#### Problem details:
Word for word, print each line of the listing below; pictures stay out.

--- Information provided Enclosed Below ---

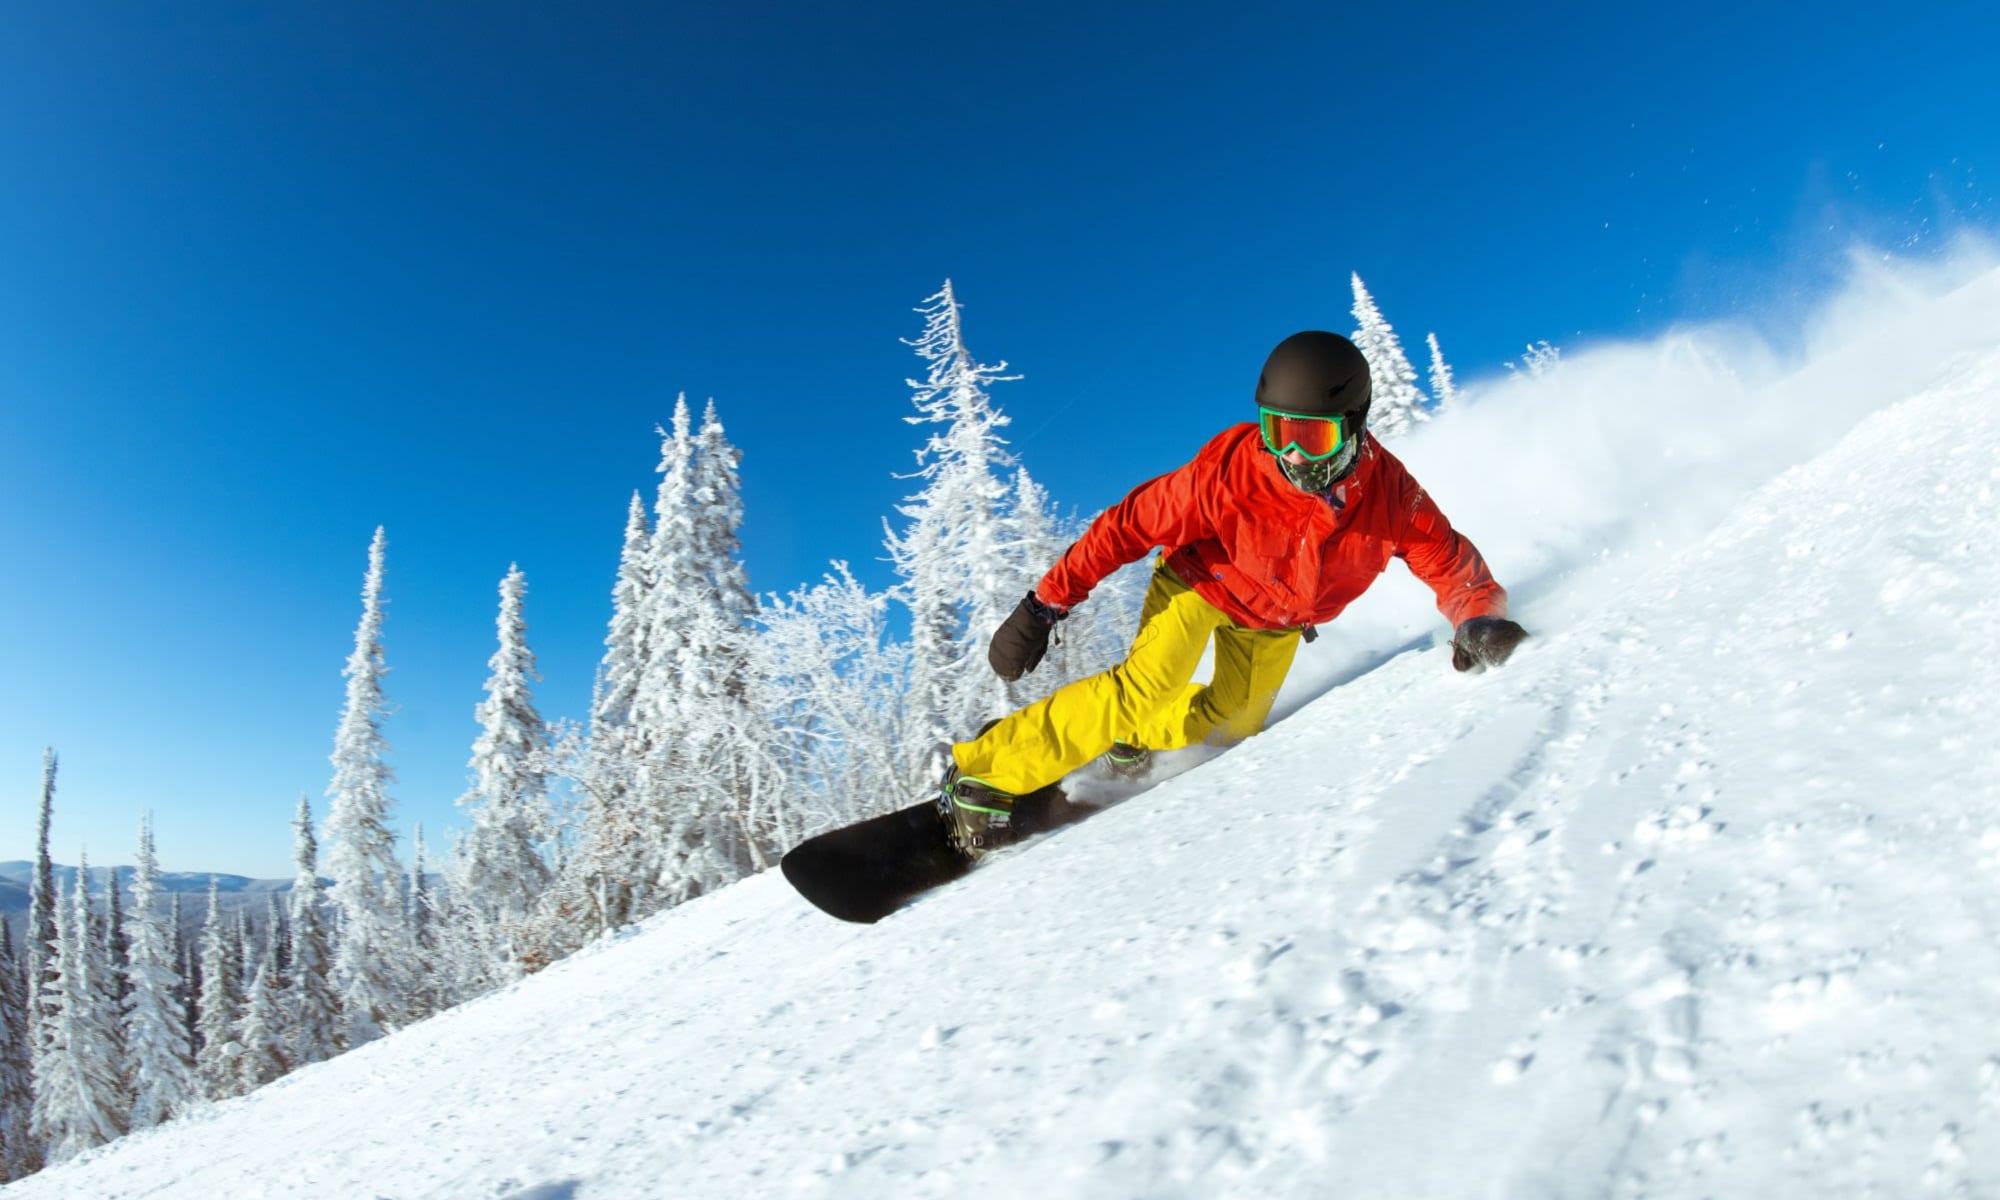 Awesome snowboarding on the mountain near Liberty SKY in Salt Lake City, Utah
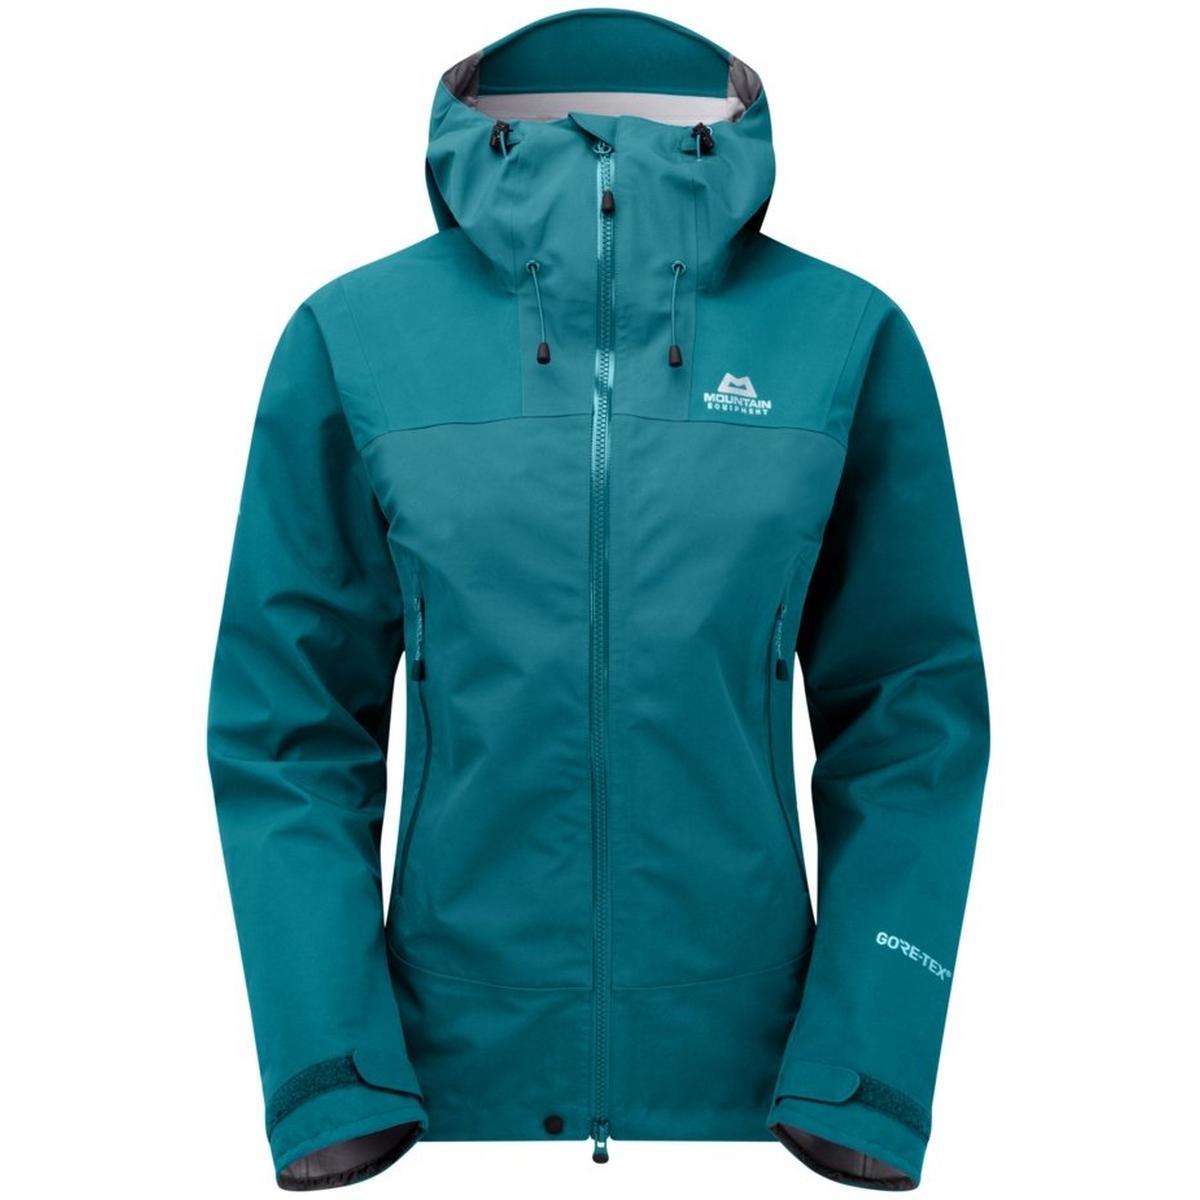 Mountain Equipment Women's Rupal Jacket - Legoin Blue
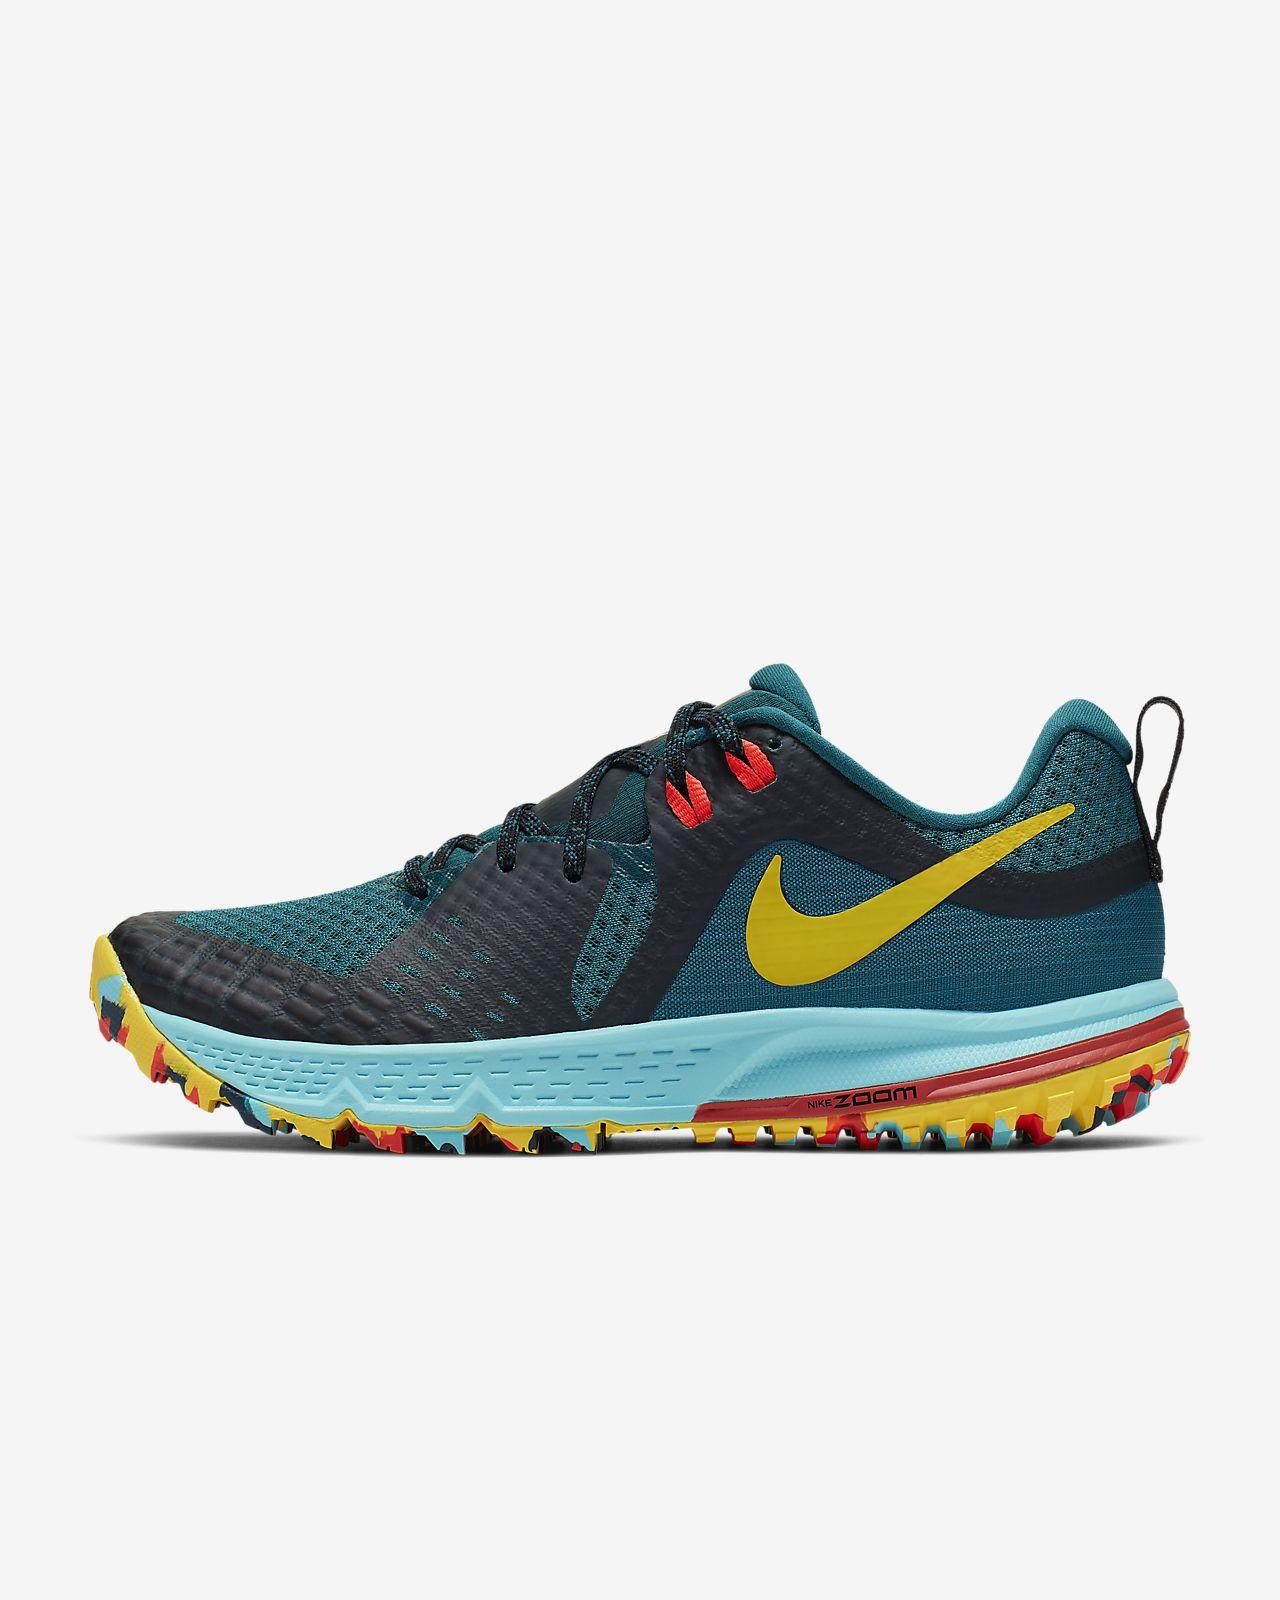 Nike Air Zoom Wildhorse 5 Hardloopschoen voor dames

--- End of Enclosed Information provided ---

#### Answer box:
 Awesome snowboarding on the mountain near Liberty SKY in Salt Lake City, Utah
 Mountain Equipment Women's Rupal Jacket - Legoin Blue
 Nike Air Zoom Wildhorse 5 Hardloopschoen voor dames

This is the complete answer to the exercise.